There's a few other possibilities to explain it too:

  1. Some stuff is cheaper, some stuff is more expensive; if the more expensive stuff is essentials, but the cheaper stuff is everything else, people can feel squeezed by the economy without actually being squeezed. (Picture a toy model where someone has $10, food costs $1, shelter costs $1, and consumer goods cost $4 each; if the costs of food + shelter go up to $2 apiece, and consumer goods go down to $2 apiece, each person can individually afford more consumer gifts, while still having less space in their budget for consumer gifts).
  2. People are able to substitute goods for cheaper substitutes, which means that their spending is relatively unimpeded, but they are accepting a lower return on each purchase they make. (So for example, maybe I used to buy steak at $4.00/lb. Steak is now $8.00/lb, but ground beef is $4.00/lb, so I now buy ground beef).
  3. Everything went up by a specific percentage, including wages; wage increases feel like a benefit of me working hard, while price increases feel like people trying to take more money from me. As a result, I feel like I'm not doing as well, because my hard work to get more money was invalidated by everything else becoming more pricey as a part of it.
  4. People have given up on certain staples like housing; as such, instead of saving for housing, they're spending the money they would be putting towards it towards consumer goods.
  5. Some demographics are spending way more, while others are spending way less.

Here's what I would assume would be observable in each case:

  1. Breakdowns of spending will reflect higher percentages of household income spent on housing and food than per usual.

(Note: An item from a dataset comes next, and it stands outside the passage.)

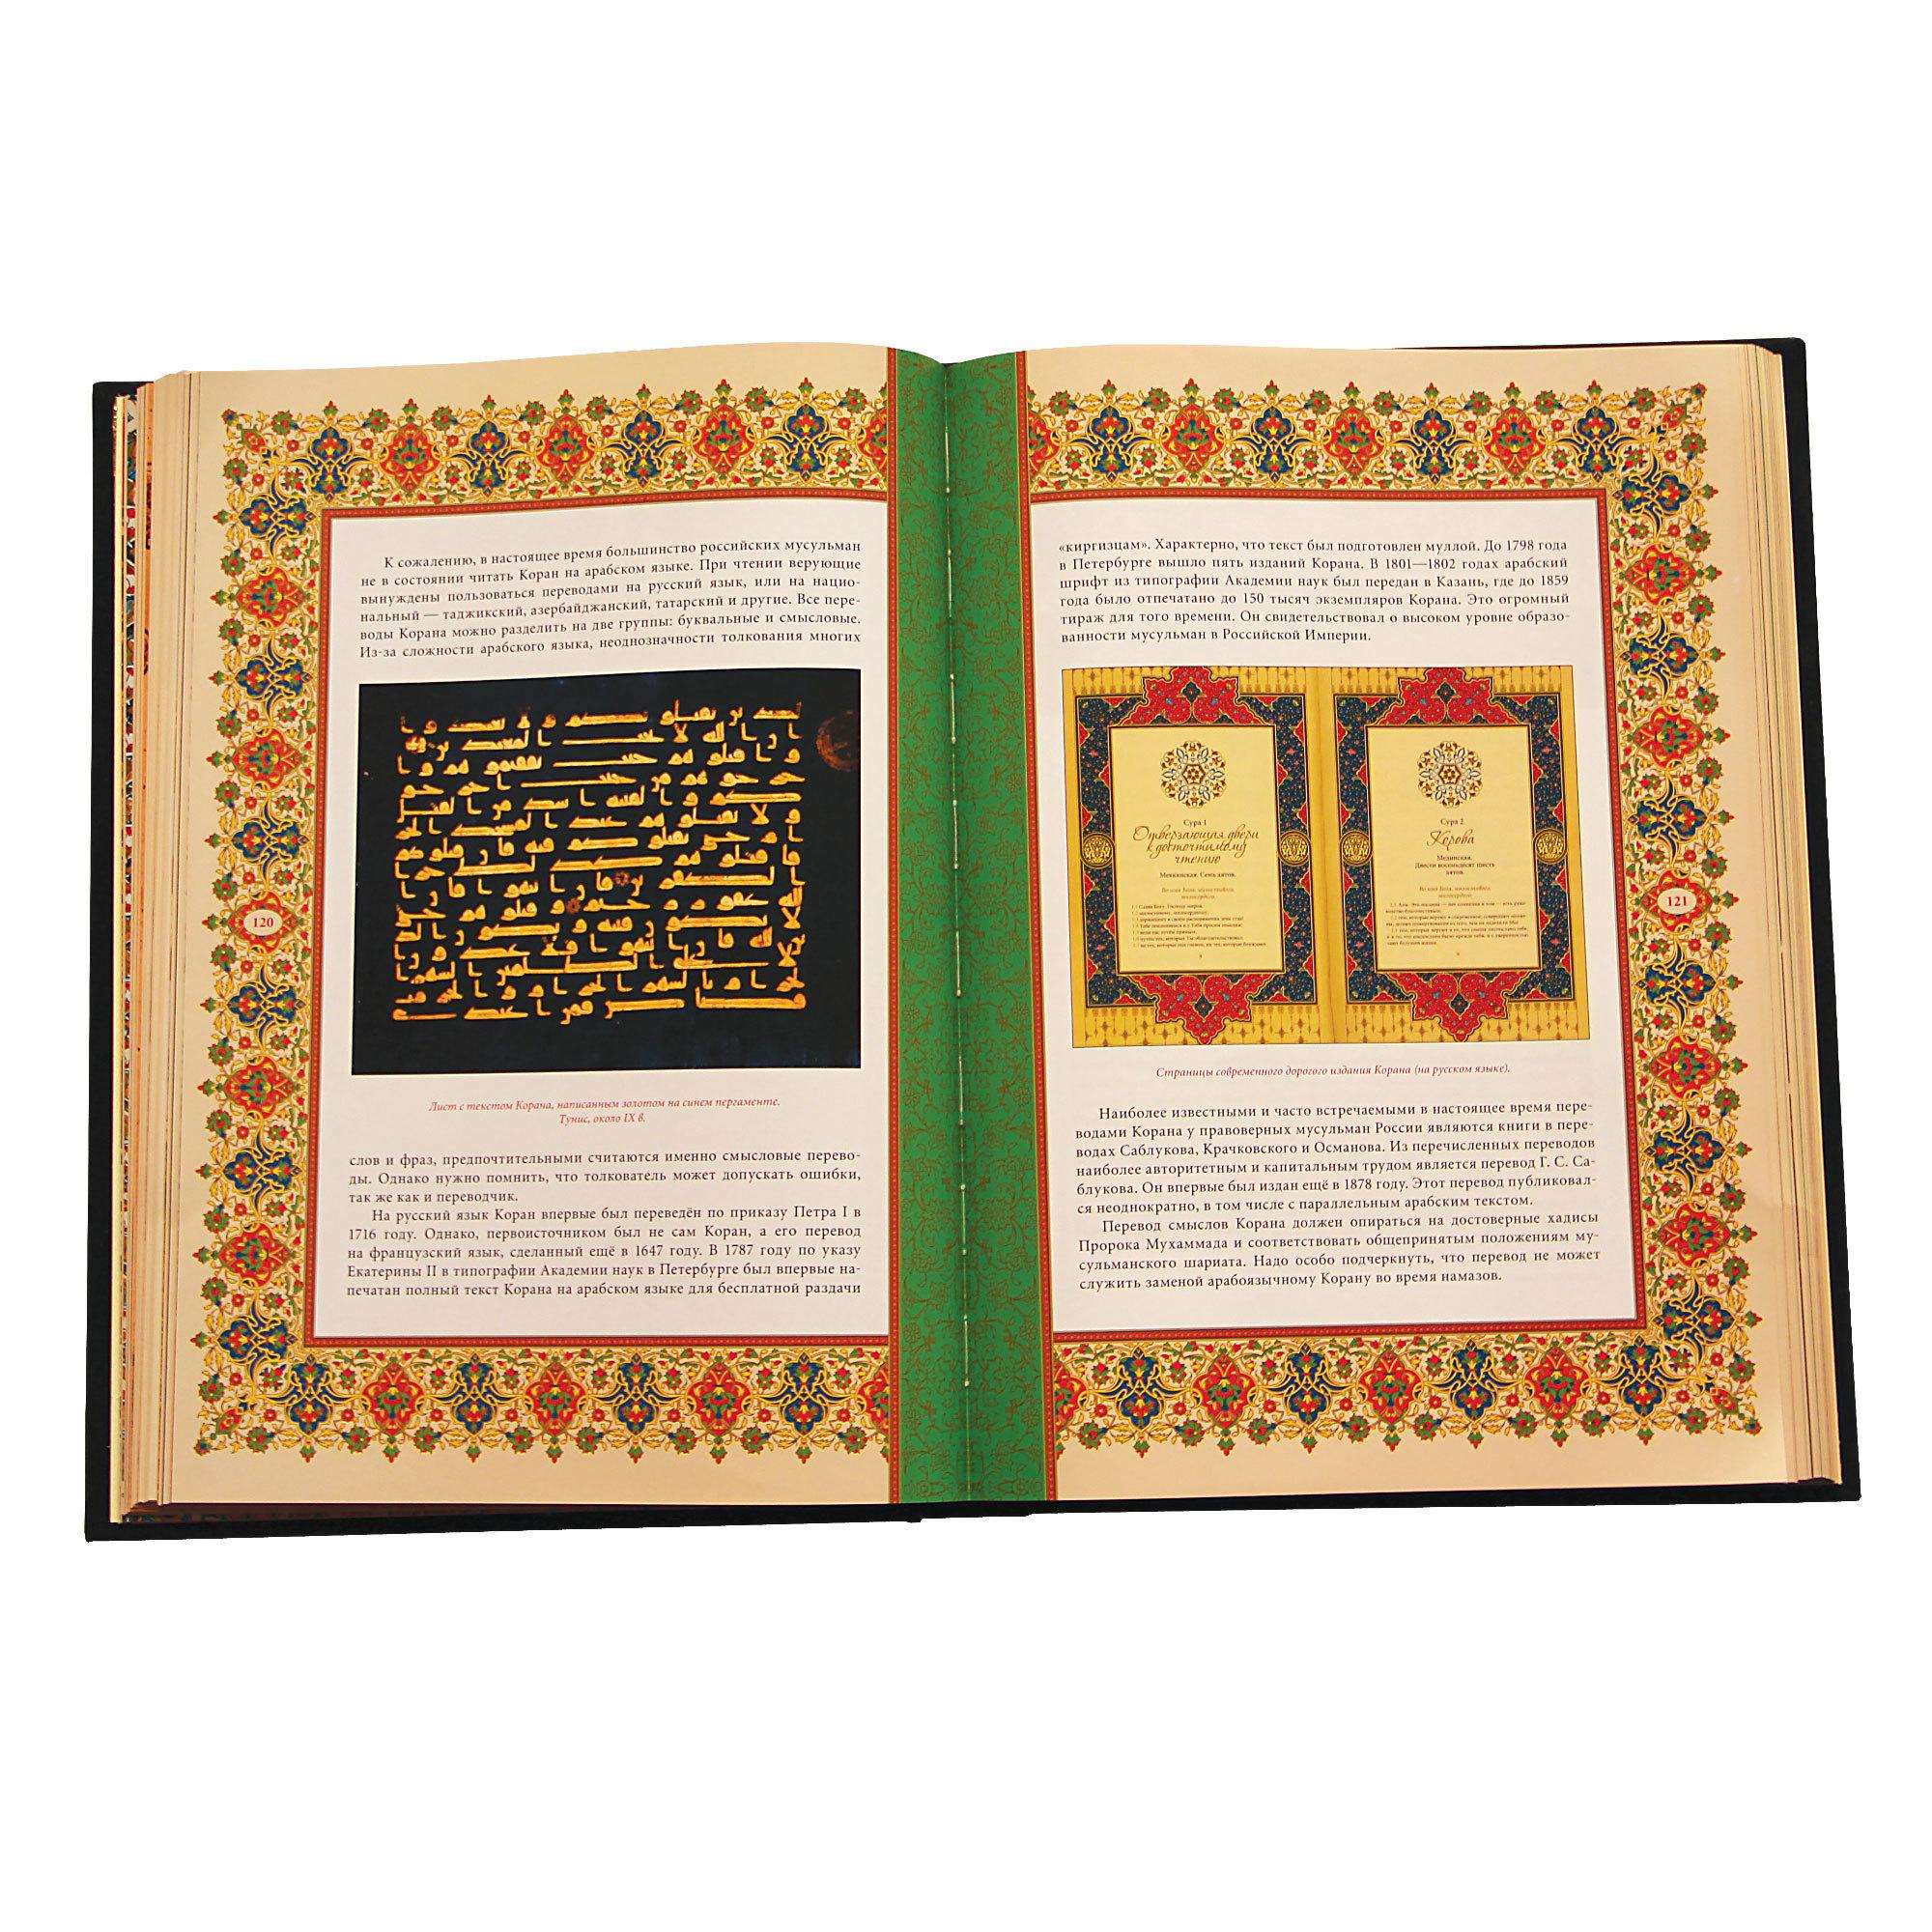 Ислам. Культура. История. Вера

This would be disprovable if the percentage is similar.
  2. "Budget" companies have their share prices improve, while luxury companies start offering more budget goods. Companies that only offer luxuries start struggling.
  3. Average income goes up by a similar percentage basis to costs. This should be observable based on the fact that people have published stats on average income for many years, so I assume that someone somewhere is observing it.
  4. The boom in consumer spending is almost exclusively in luxuries; it would also die off in a few months to years, but that's probably indistinguishable from the natural flow of the economy.
  5. Spending is concentrated amongst goods that some portions of the population use. For example, if healthcare spending is way up, but bars are struggling, I'd consider this to be met.

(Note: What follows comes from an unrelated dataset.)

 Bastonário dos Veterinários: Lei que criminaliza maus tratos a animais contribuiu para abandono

Some stuff is cheaper, some stuff is more expensive; if the more expensive stuff is essentials, but the cheaper stuff is everything else, people can feel squeezed by the economy without actually being squeezed.

For what it's worth I feel like this is the opposite of what is happening, and I think this may explain much of the disconnect between how different demographics view the economy. I Imagine that for a single urban professional living in the city the current economy kind of sucks, housing is at a premium and consumer goods (especially imported consumer goods) have gone up in price. In the meantime, if you are a married couple with 2.5+ kids and a dog living in the 'burbs, two of your biggest expenses, food and transportation, have not only stabilized after climbing steadily for 4 years but in some areas are starting to trend downwards so naturally those people are feeling more optimistic about their situation than they were a year ago.

Yeah, the suburban lifestyle has gotten more manageable- mostly due to gas prices that are stabilizing on a bad day and declining on a good one- with grocery inflation largely stalled. IDK about rents, I think they're getting worse in blue states and better in red ones, but doordash/fast food has gotten more expensive. That's a recipe for 'blue intelligentsia hate the economy, everyone else is largely fine with it'.

There's also local issues like electricity, which has generally increased more in blue states than red.